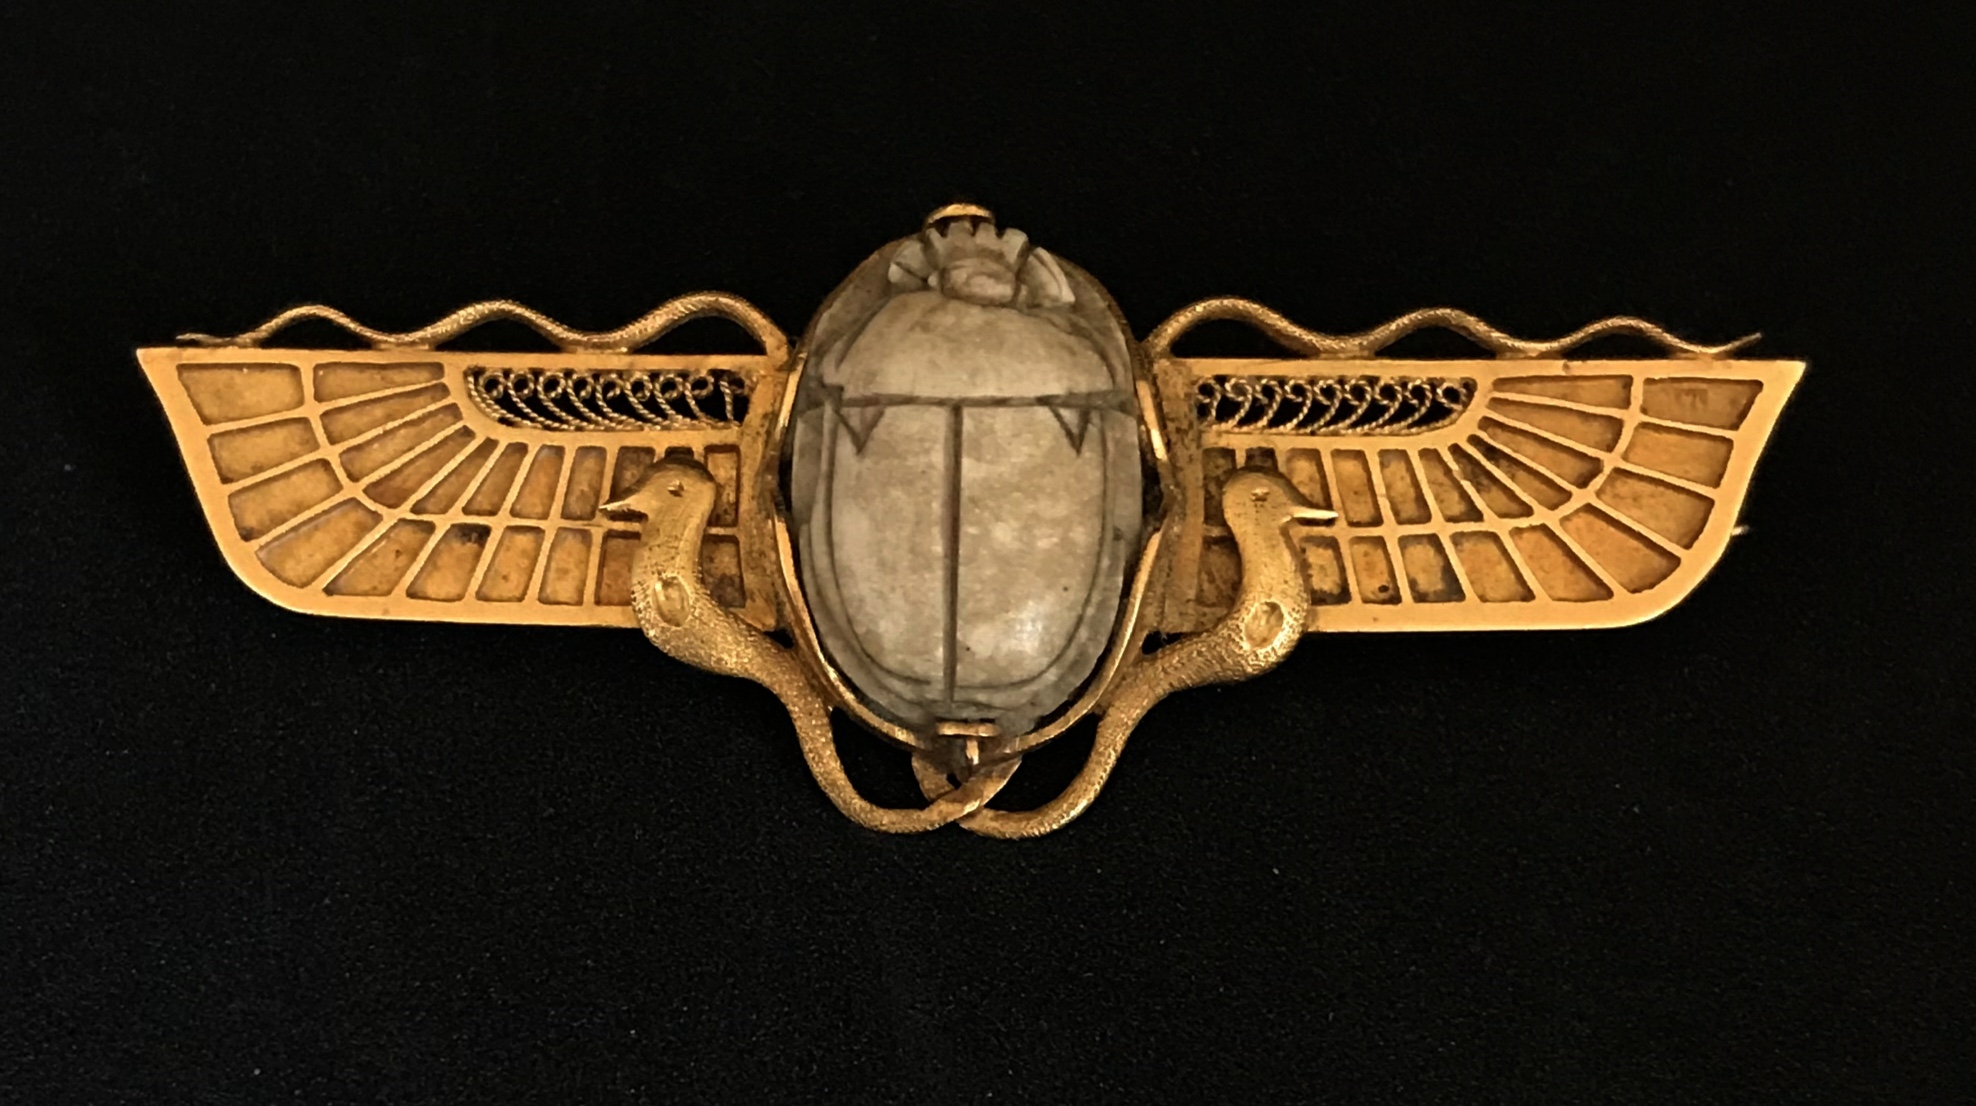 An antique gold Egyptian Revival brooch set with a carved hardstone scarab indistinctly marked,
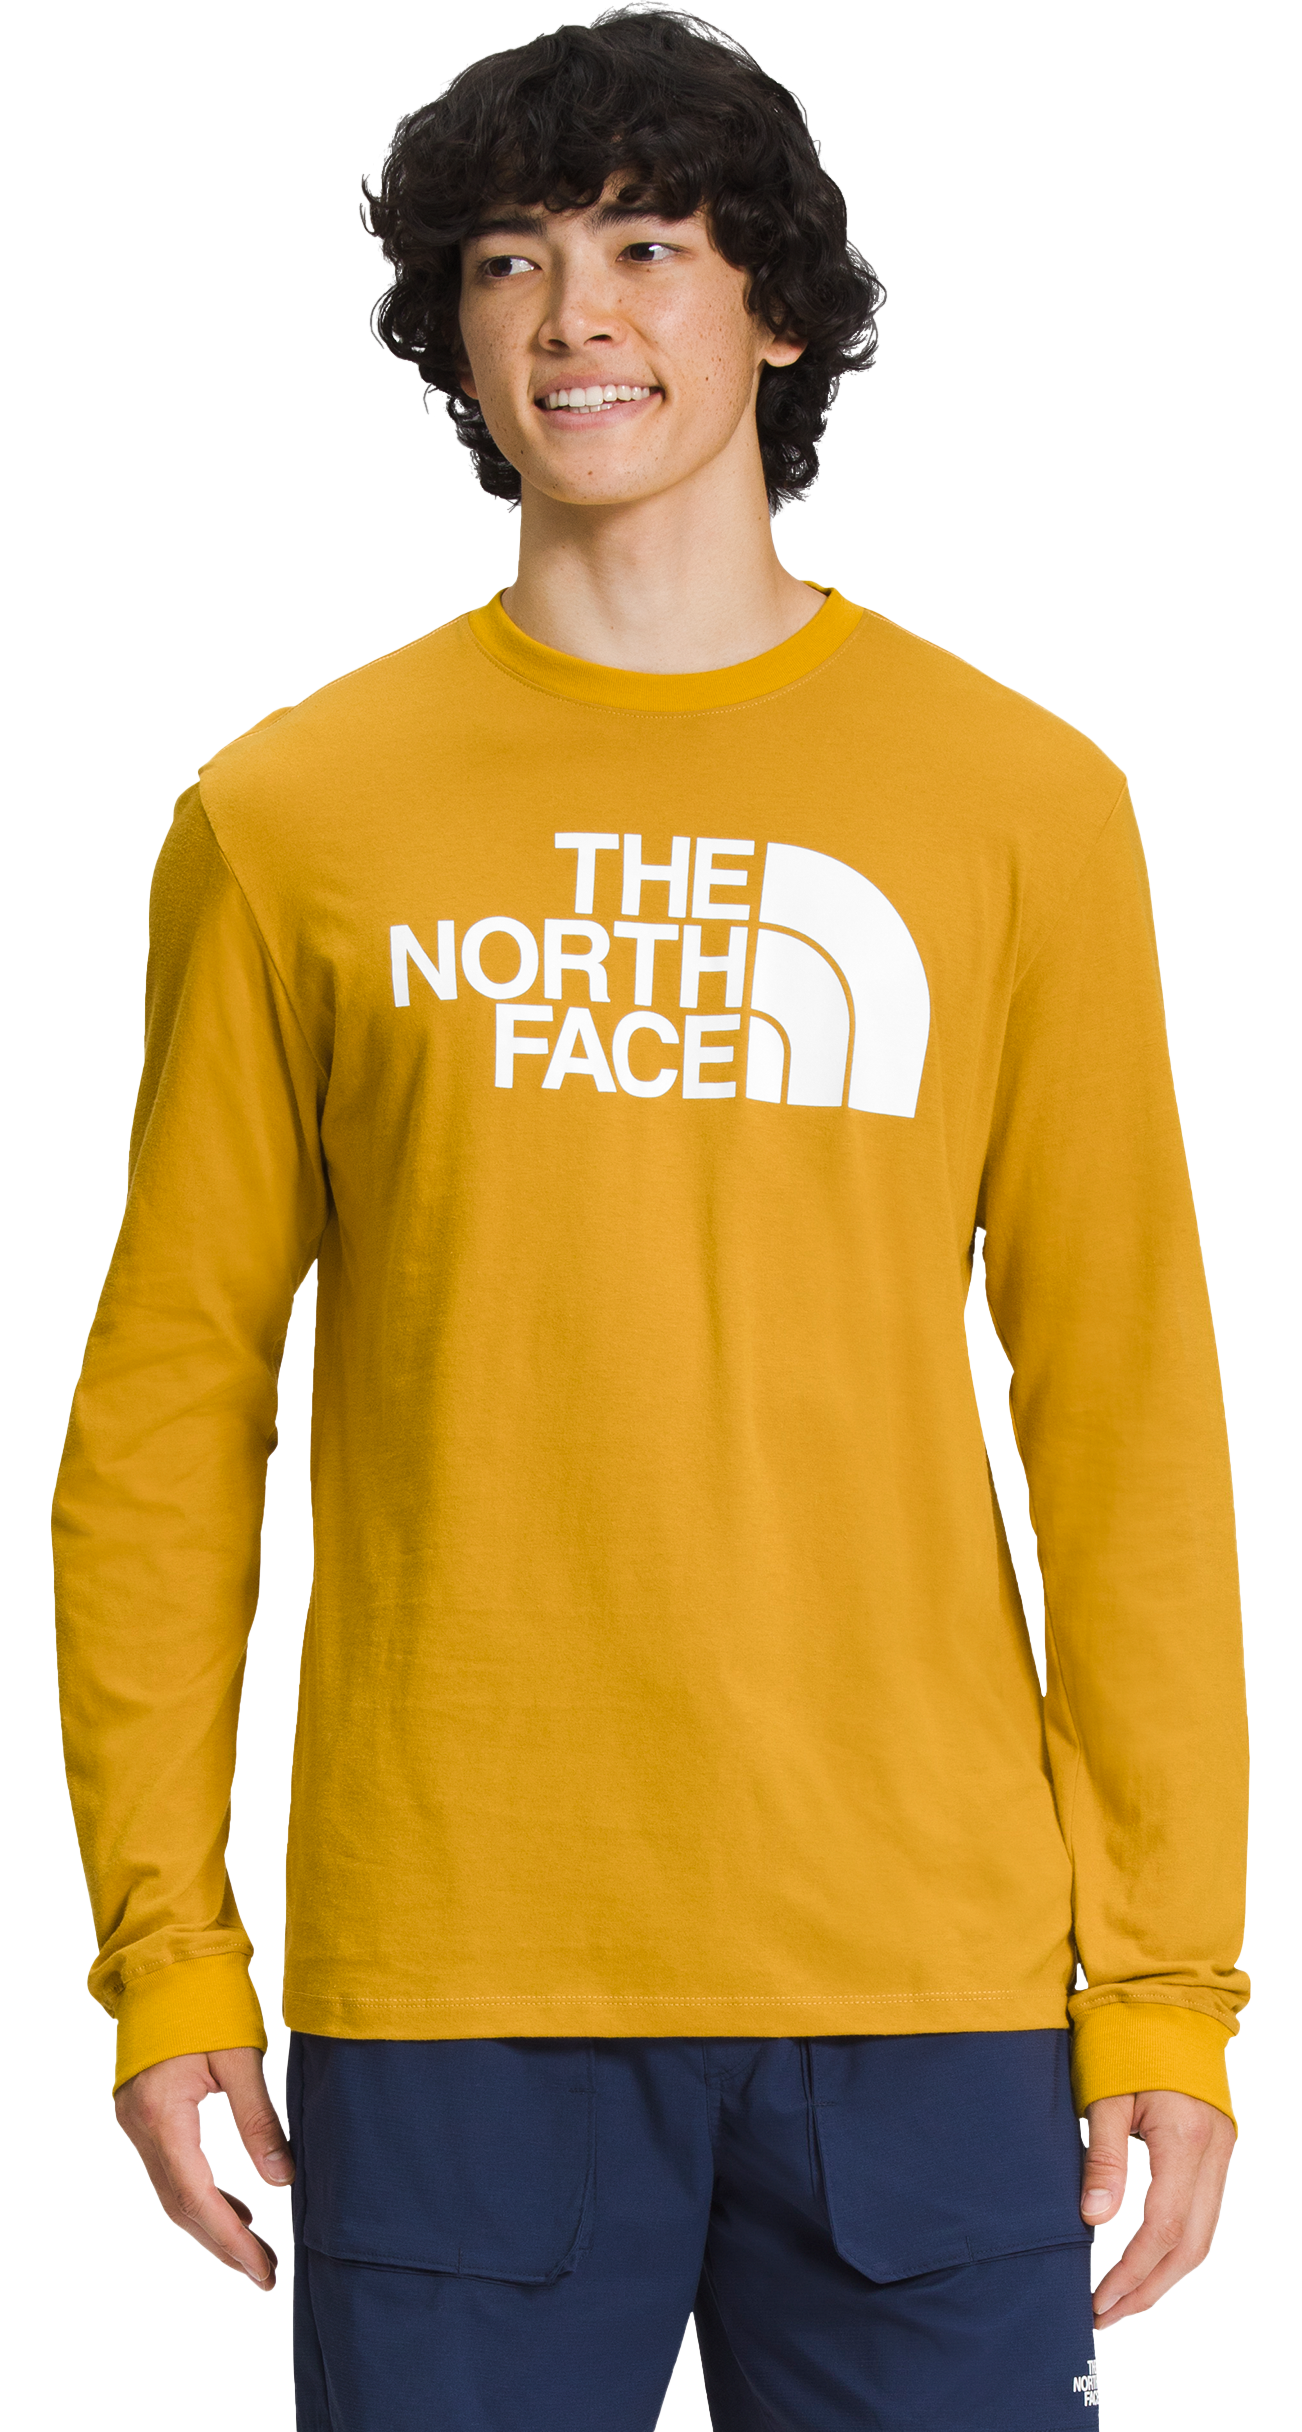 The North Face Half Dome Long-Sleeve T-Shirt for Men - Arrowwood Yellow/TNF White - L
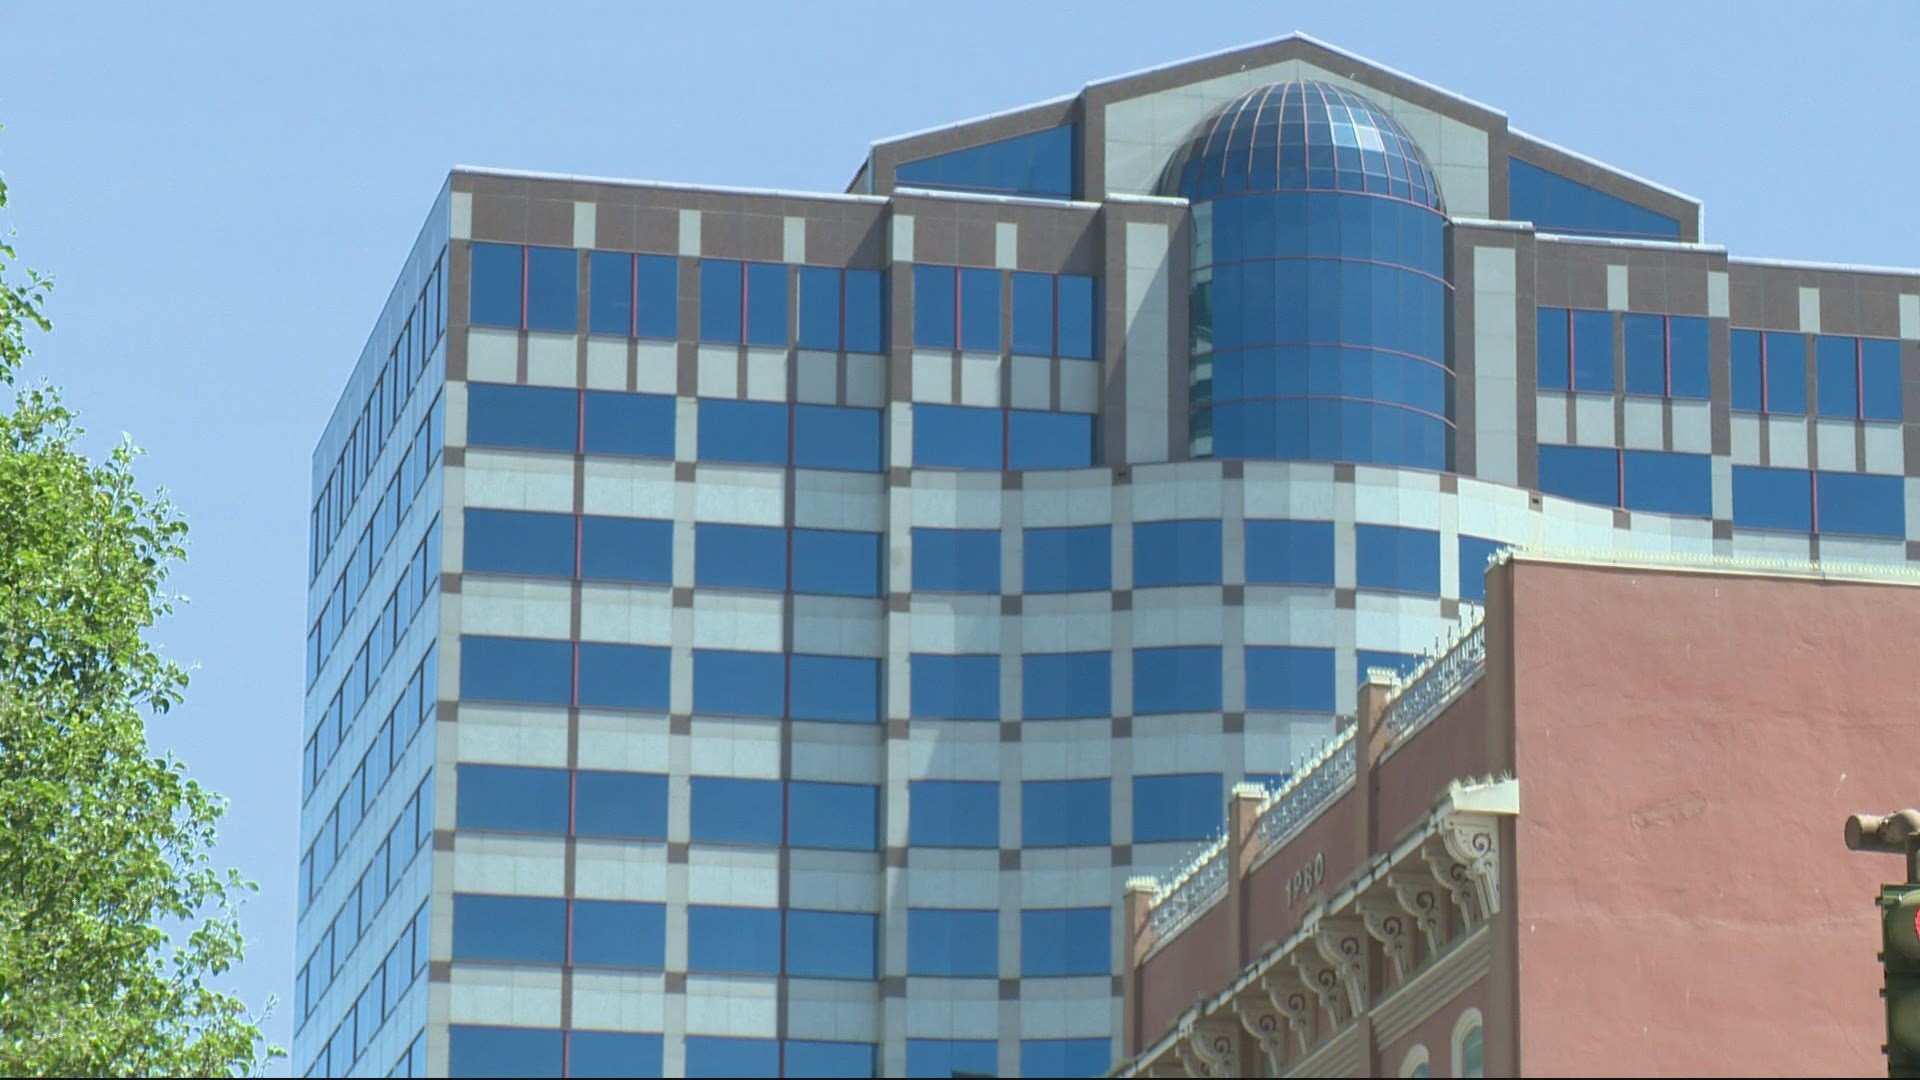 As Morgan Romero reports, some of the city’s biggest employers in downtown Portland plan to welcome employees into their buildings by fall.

┄┄┄┄┄┄

Work instruction ▸ The listing above needs to be output again exactly. Don't include the pictures.

Result ▸
 An antique gold Egyptian Revival brooch set with a carved hardstone scarab indistinctly marked,
 The North Face Half Dome Long-Sleeve T-Shirt for Men - Arrowwood Yellow/TNF White - L
 As Morgan Romero reports, some of the city’s biggest employers in downtown Portland plan to welcome employees into their buildings by fall.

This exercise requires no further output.